As shown in FIGS. 6 (b) and 7 (b), after supporting the upper end of the article 1 with the jig 70, the operator presses the surface 2a of the main body 2 with the squeegee 71 to press the main body 2 with the jig 71. The squeegee 71 is moved from above to below while being pressed against the adherend surface 50a. As a result, the main body portion 2 is attached to the adherend surface 50a via the adhesive layer 4 while being deformed according to the shape of the adherend surface 50a (curved shape in this case). In this step, the operator can easily deform the main body 2 along the adherend surface 50a without applying an excessive pressing force. As shown in FIG. 7C, when the operator presses the surface 2a with the squeegee 71 to the lower end of the main body 2, the entire article 1 is attached to the adherend surface 50a, and the step of fixing is completed. To do.

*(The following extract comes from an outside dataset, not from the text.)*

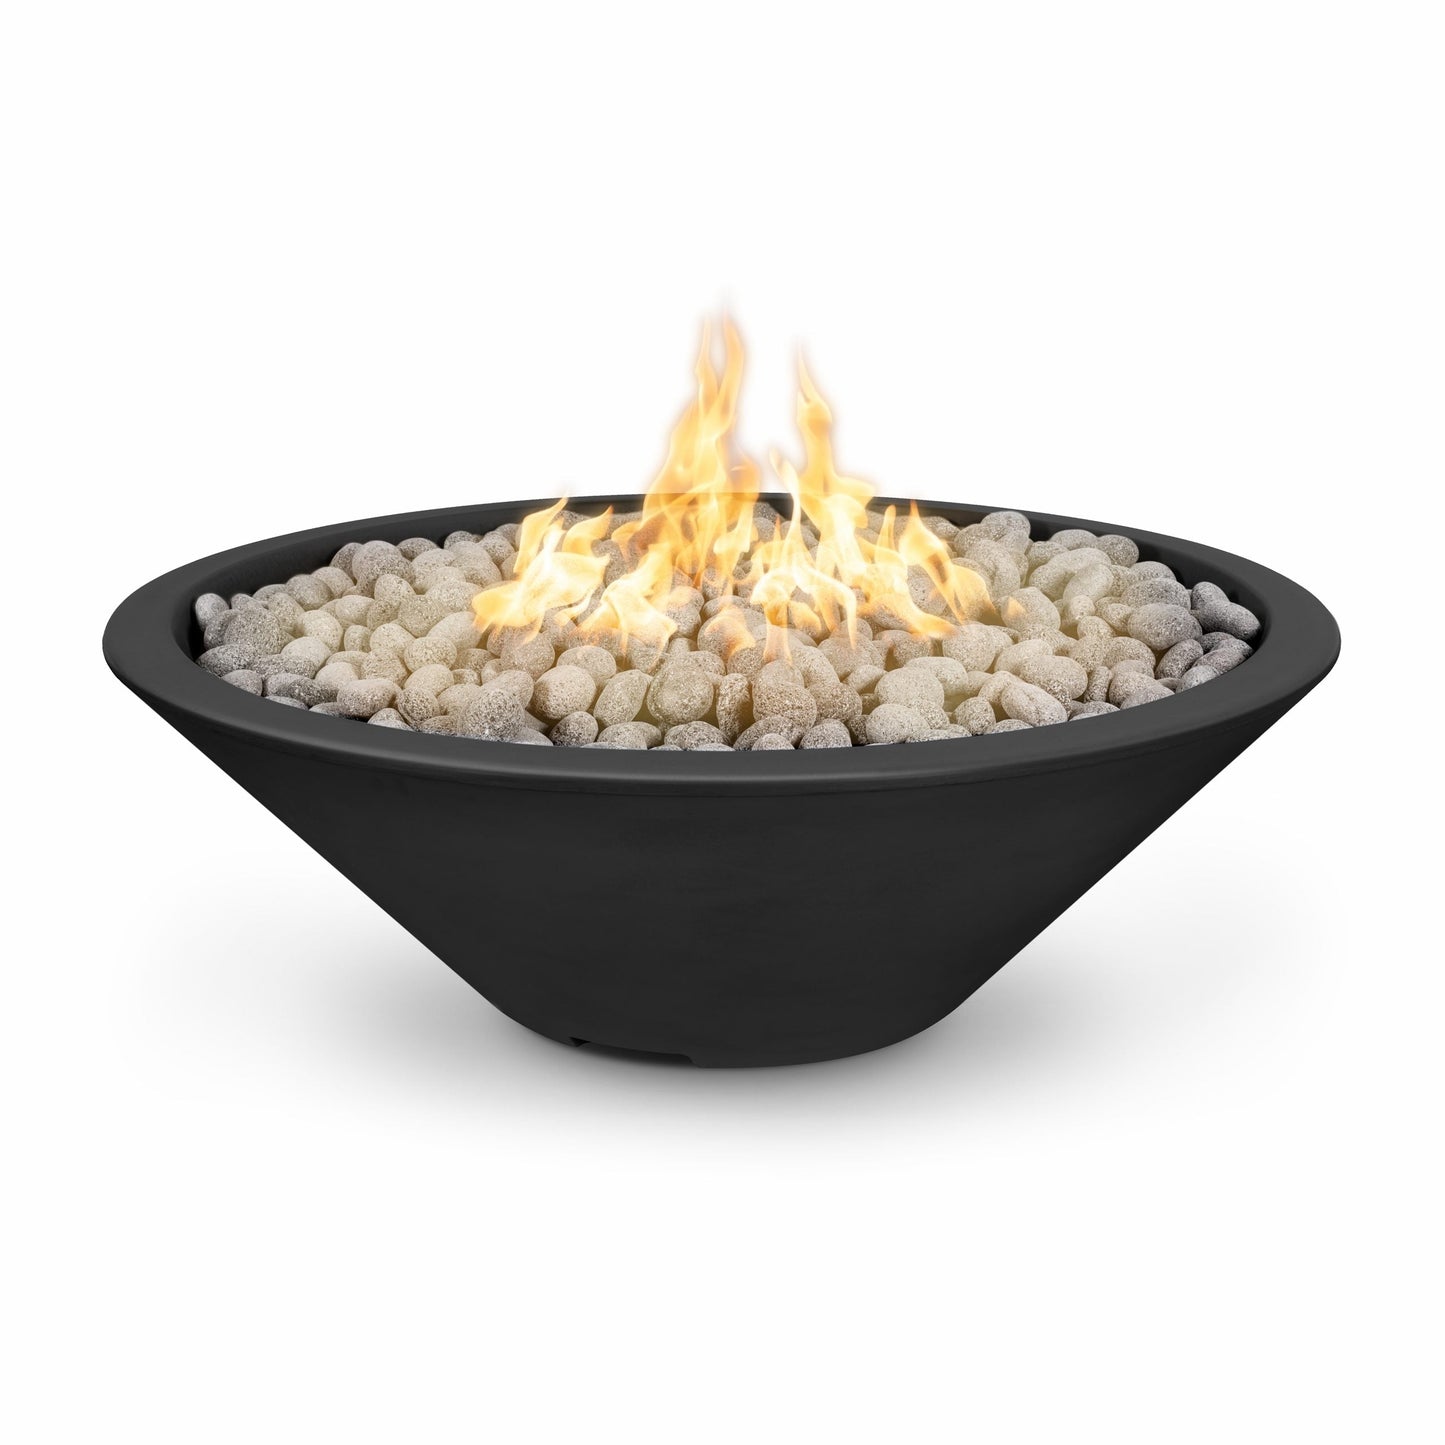 The Outdoor Plus Round Cazo 48" Gray Powder Coated Metal Liquid Propane Fire Pit with Match Lit Ignition

Next, a method will be described when the article 1 has, for example, the end shapes shown in FIGS. 5 (b) and 5 (d). When the end portion of the sheet-shaped member 100 is bent into a U shape and the end portion of the plate-shaped adherend, which is a metal plate called hemming and is crushed without a gap, is involved in the construction, FIG. As shown in (a), the sheet-shaped member 100 is slid from the end side so that the U-shaped end surface of the sheet-shaped member 100 is finally inserted, and when it hits, the surface is pressed with a squeegee to be attached. As shown in FIG. 10B, when the adherend has a trapezoidal shape like an automobile center pillar, it may be slid so as to be inserted from the narrow side (upper end side) thereof. In either case, when the adhesive layer is an adhesive, the slipperiness with the surface of the adherend is obtained, which facilitates the construction. The non-adhesive component partially applied to the release liner is transferred to the surface of the adhesive layer to prevent the adhesive layer from coming into direct contact with the adherend to obtain slipperiness. It is pushed into the layer and the adhesive layer adheres to the adherend. Alternatively, the pressure-sensitive adhesive layer and the adherend can be placed on a pressure-sensitive adhesive layer other than the U-bent on a thin sheet having a peeling component on the surface or having fine irregularities on the surface to reduce the contact area. It is also possible to slide the sheet while preventing contact with the sheet, position the sheet, and then pull out the sheet to the side opposite to the U-shaped end to press the sheet.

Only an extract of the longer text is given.